I appreciate a movie that is thoughtful and isn't yet another stupid Hollywood film about crap blowing up and running gun battles, and I'll give it some stars for trying...but in the end, I found it sterile and without significant effect. In a week, I strongly suspect I'll have forgotten it. But thank you, filmmakers, for making something aimed at thinking adults rather than the adolescent/sociopath who loves watching crap blow up for the zillionth time.

Reviewed by rswtb 6 / 10

I wish they had put more time into the Screenplay.

I have read Infinite Jest, and am a fan of David Foster Wallace's work. Rather than making the obvious Book>Movie comment, I would like to comment on where it worked and where it didn't. DFW, for me, brings to mind the haunting descriptions of melancholy missing from the movie(Though John Krasinski does a decent job in his monologue, surprisingly.) The editing, though true to the style in the book to a certain extent, could have been better on screen.

DFW's linguistic talents and extensive vocabulary are retained throughout the movie, which makes it seem unreal(DFW does a great job of separating his voice from that of his characters, I feel).

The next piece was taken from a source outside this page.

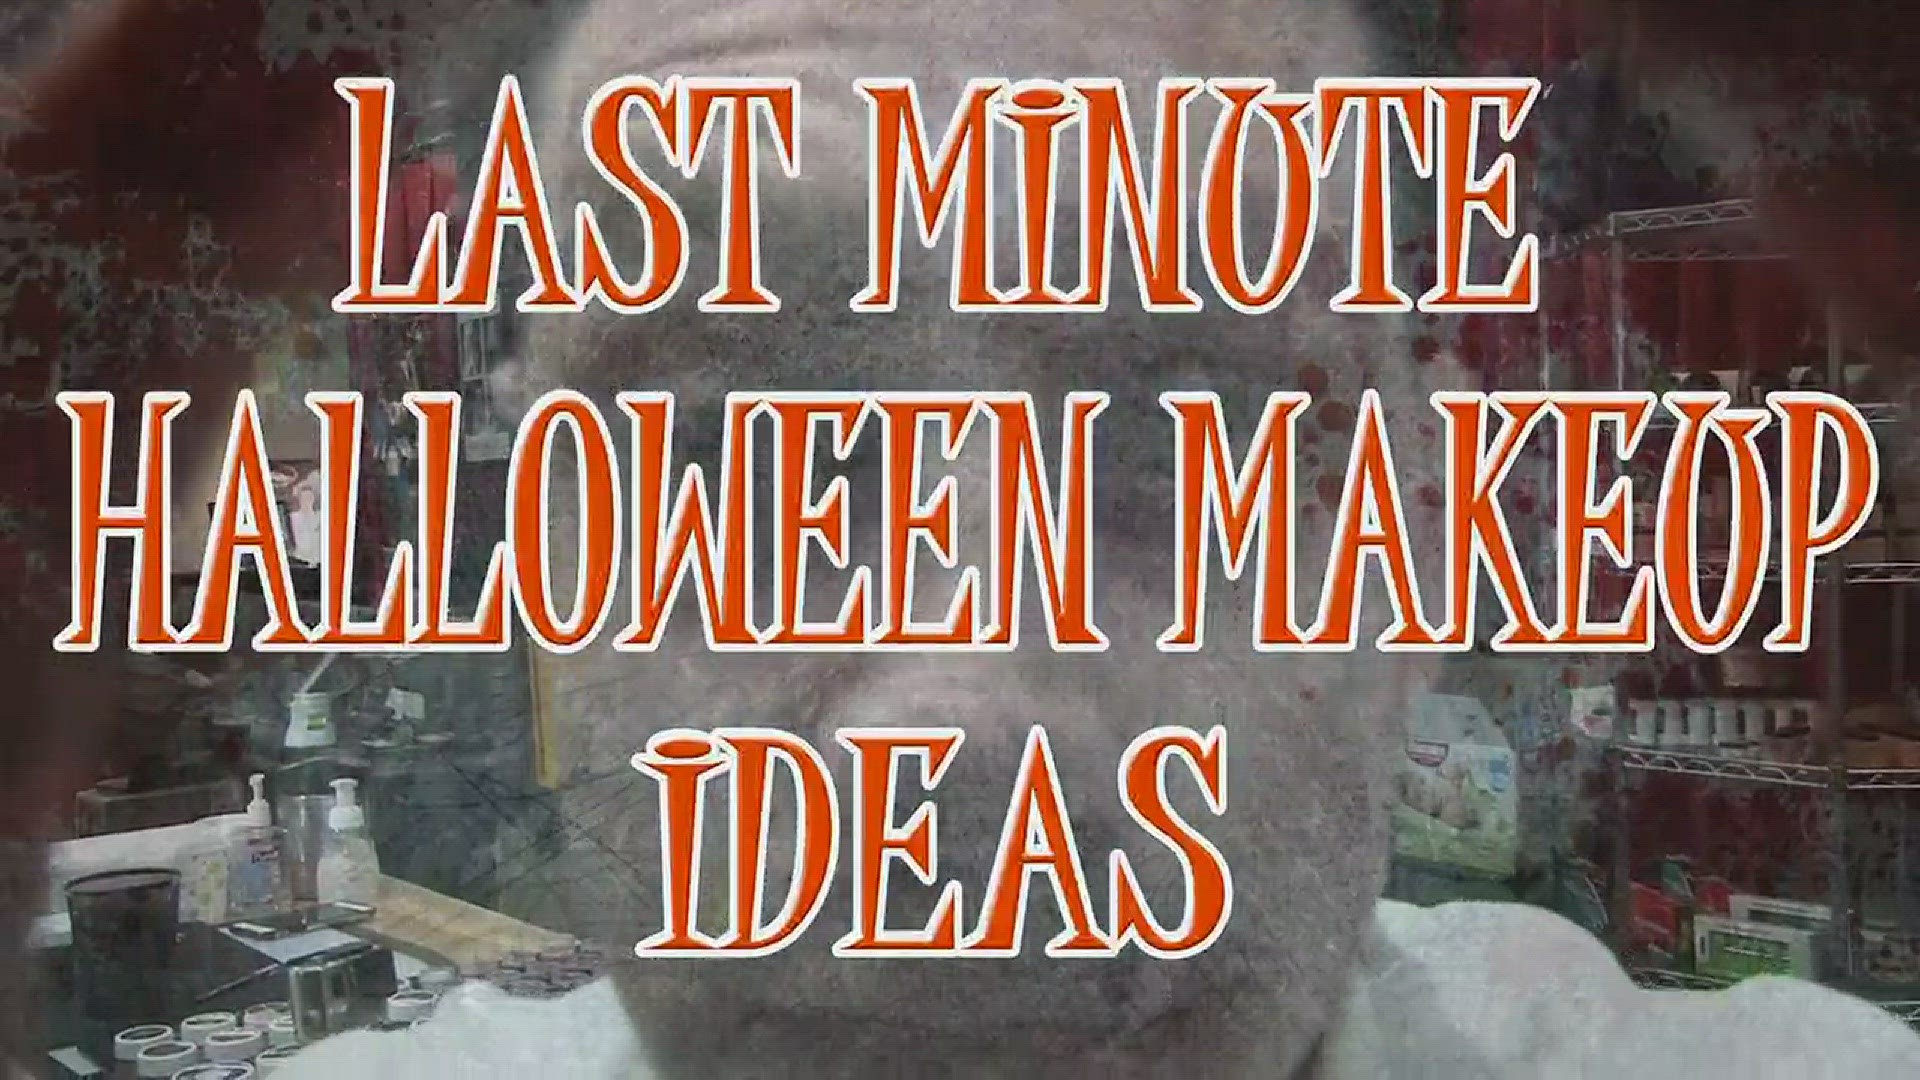 Last minute Halloween costume ideas

This leads to a strange sequence with the man speaking of his father which is strange to watch.

The movie suffers from trying to be a bit too true to the book, but not really knowing how to. There are a few intense scenes reminiscent of DFW's style, but can't really hold the whole movie together.

All in all, I wouldn't call the movie a waste of time, but I'd recommend DFW's books anyway.